Stuyvesant was only four blocks away from the Twin Towers when two hijacked planes crashed into the North and South Towers on September 11, 2001, killing thousands of people. Moments later, another plane crashed into the Pentagon and a fourth in a field in Pennsylvania. This devastating event would soon dramatically change America’s cultural, political, domestic, and international landscape.

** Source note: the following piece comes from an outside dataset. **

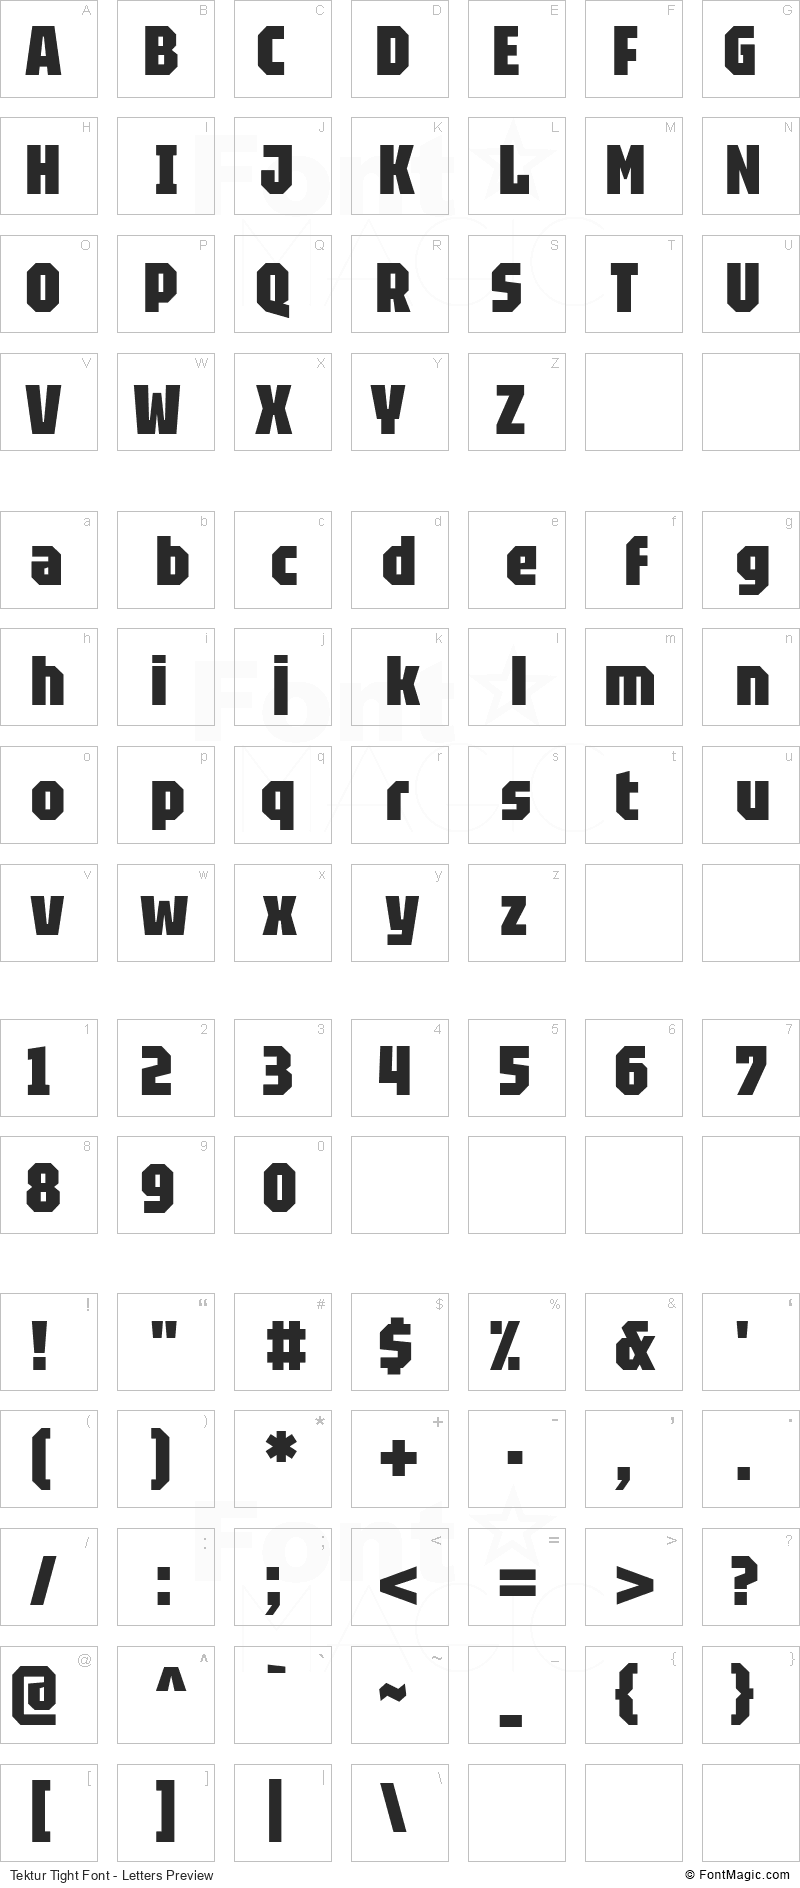 Tektur Tight Font - All Latters Preview Chart
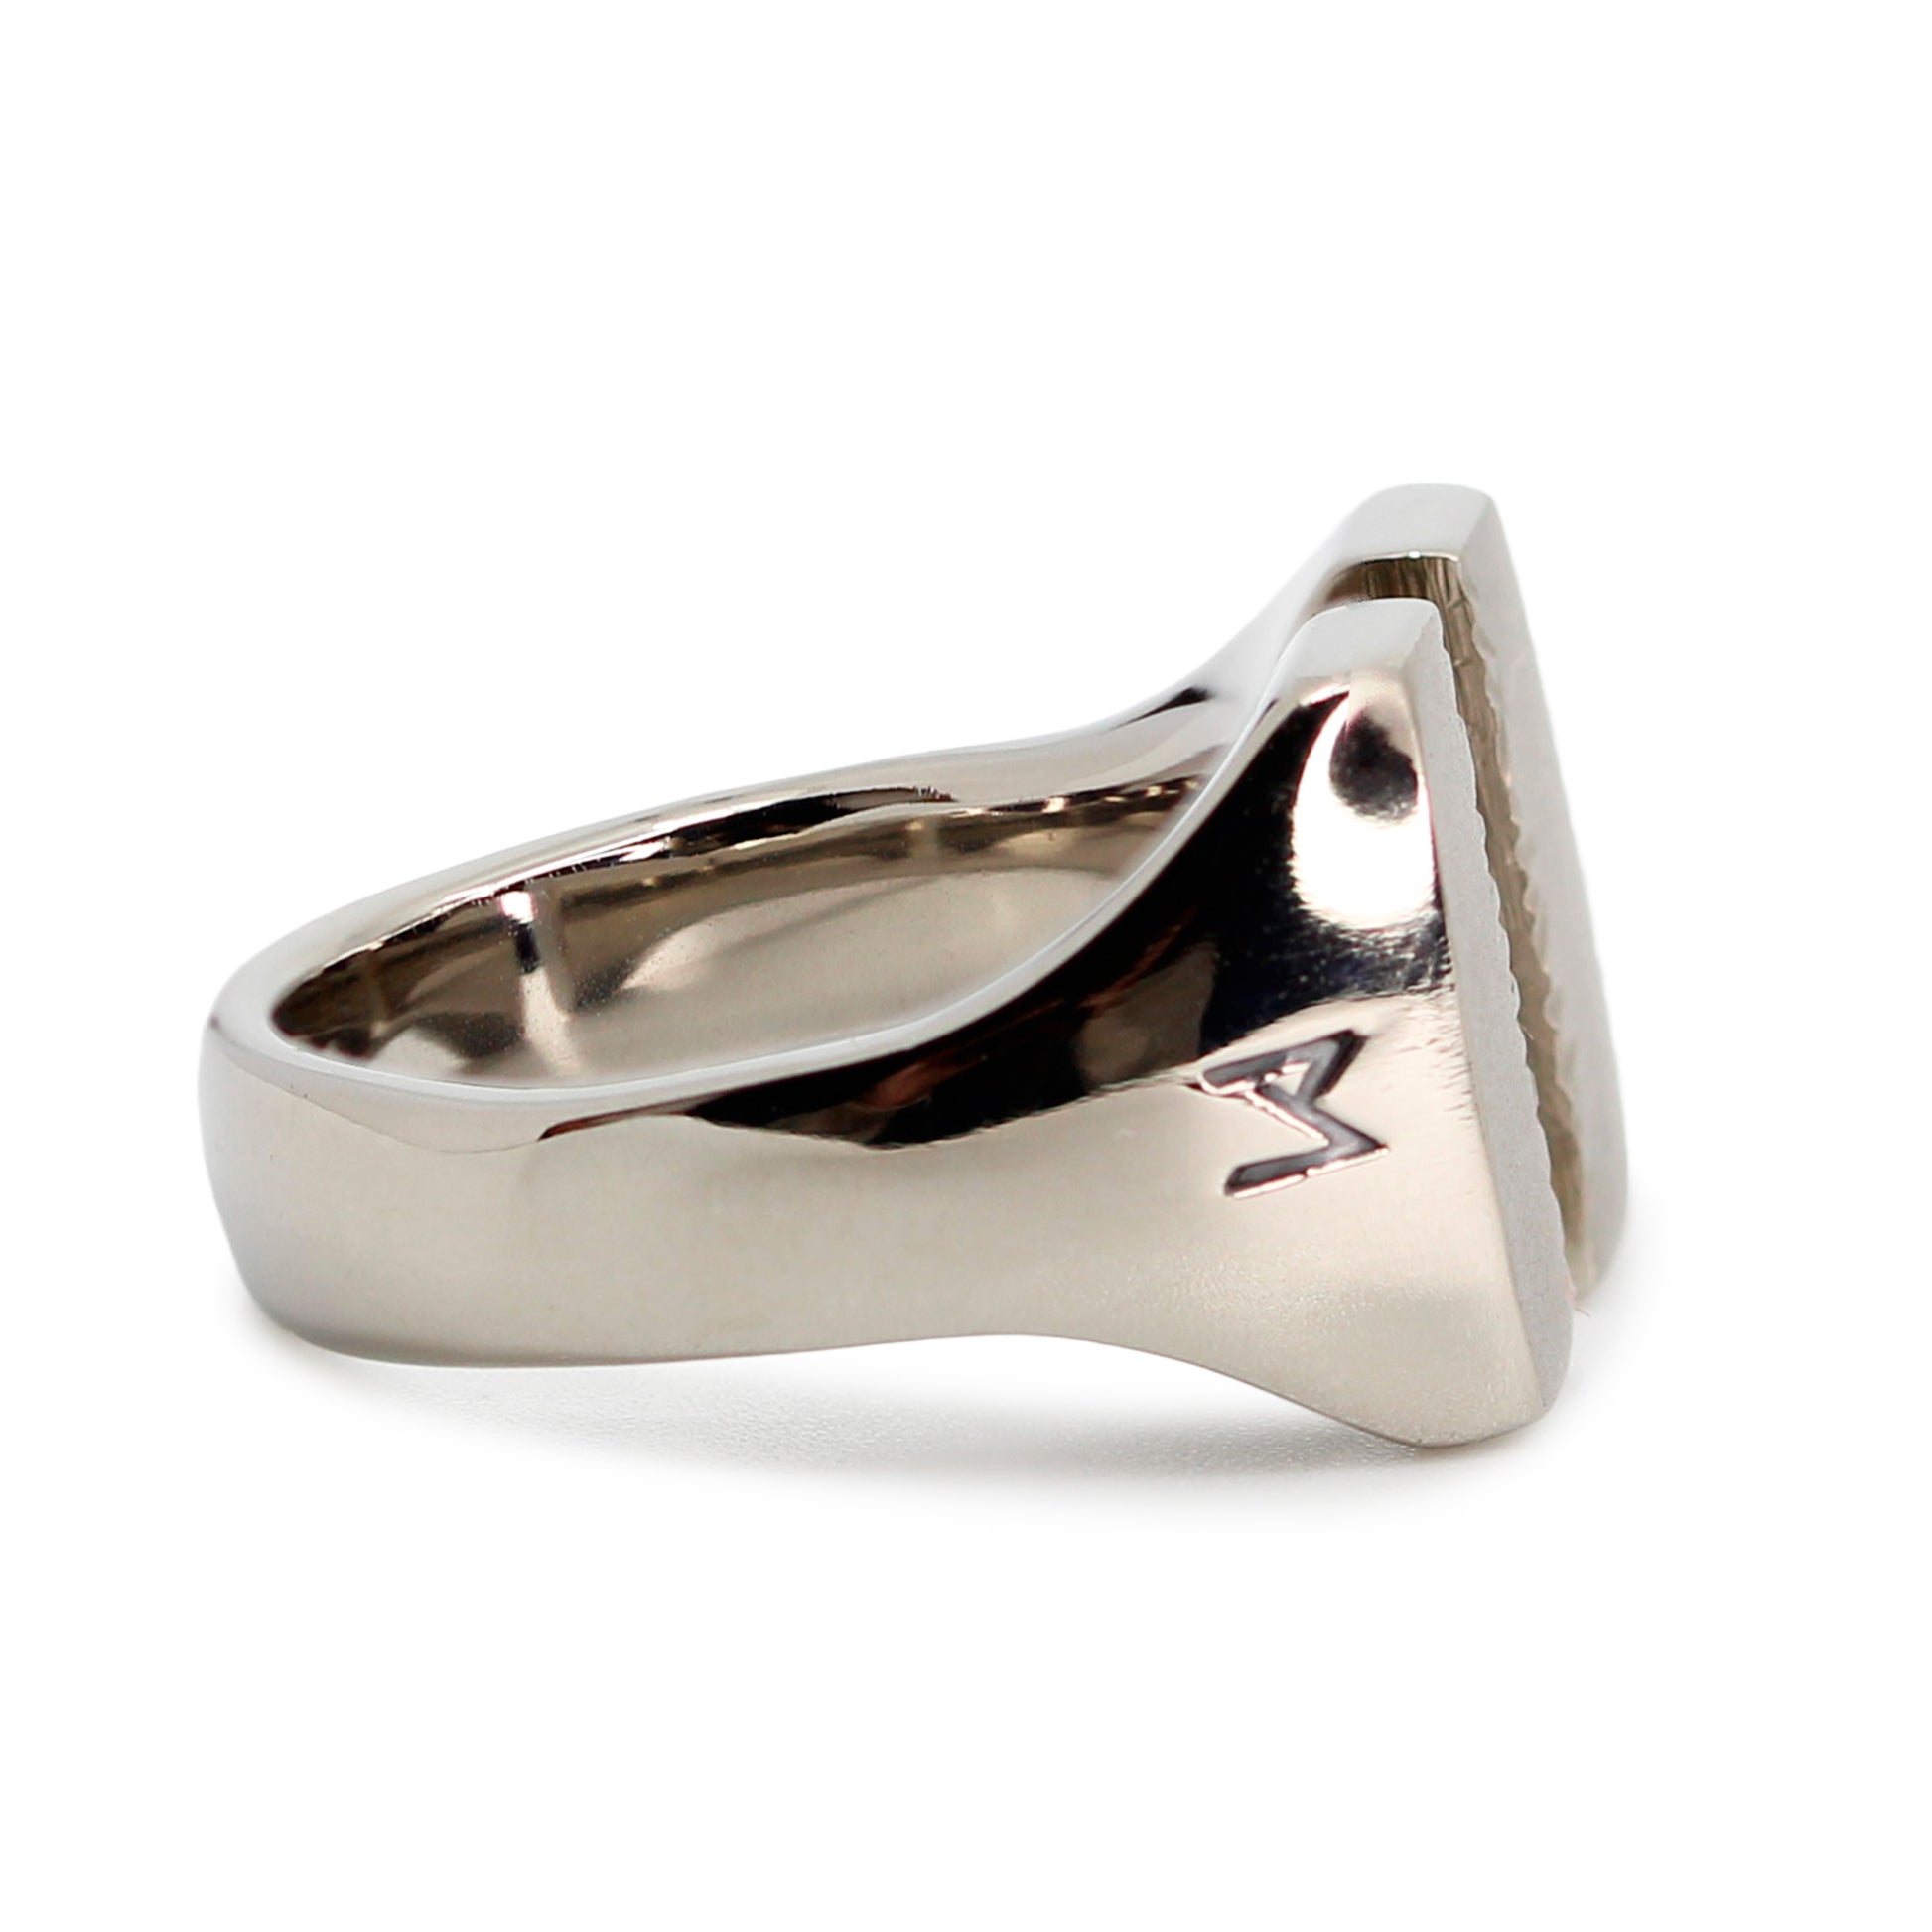 Single silver-colored titanium signet ring, 15x15 mm wide surface which has been cut through the middle. Image shows side view of the ring

Twenty years later, current Stuyvesant students now belong to the generation born in the post-9/11 era. The oldest students in the building, the seniors, were born in 2004, while the freshmen were born in 2007—six years after the attack. As the years progress, however, the long-lasting impacts of 9/11 still continue to be felt. When such an event has changed both the story of Stuyvesant and the story of America so greatly, how then, should students in the post-9/11 generation understand an event which they have no memory of?

In Stuyvesant’s social studies classes, 9/11 is embedded in the U.S. History, U.S. Government, and sophomore Global History curricula. Teachers teach not only what happened on September 11 but also the historical context and political aftermath. “For example, in United States History, you’ll teach it as a part of the lesson on the War on Terror and the foreign policy changes and implications with the collapse of communism and some of the impact that it had on destabilizing certain regions,” Assistant Principal of Social Studies Jennifer Suri said. “In Global History, we also talk about it in terms of the history of that region and the history of Afghanistan and its relationship [with] Pakistan, [the] Soviet Union, Iran, and that area and why it’s been a strategic interest for more than 100 years for competing powers and Great Britain.”

In addition to understanding the core facts of the event, social studies classes also explore the question of how our country memorializes the tragedy of 9/11. “When we’re commemorating the event, the lessons might be more focused on ‘how do we as a country memorialize these events?’ and so we might draw comparisons to Gettysburg or the Vietnam War memorial and why these are important and why it’s important for all citizens to be aware of this, to remember these events and memorialize them,” Suri said.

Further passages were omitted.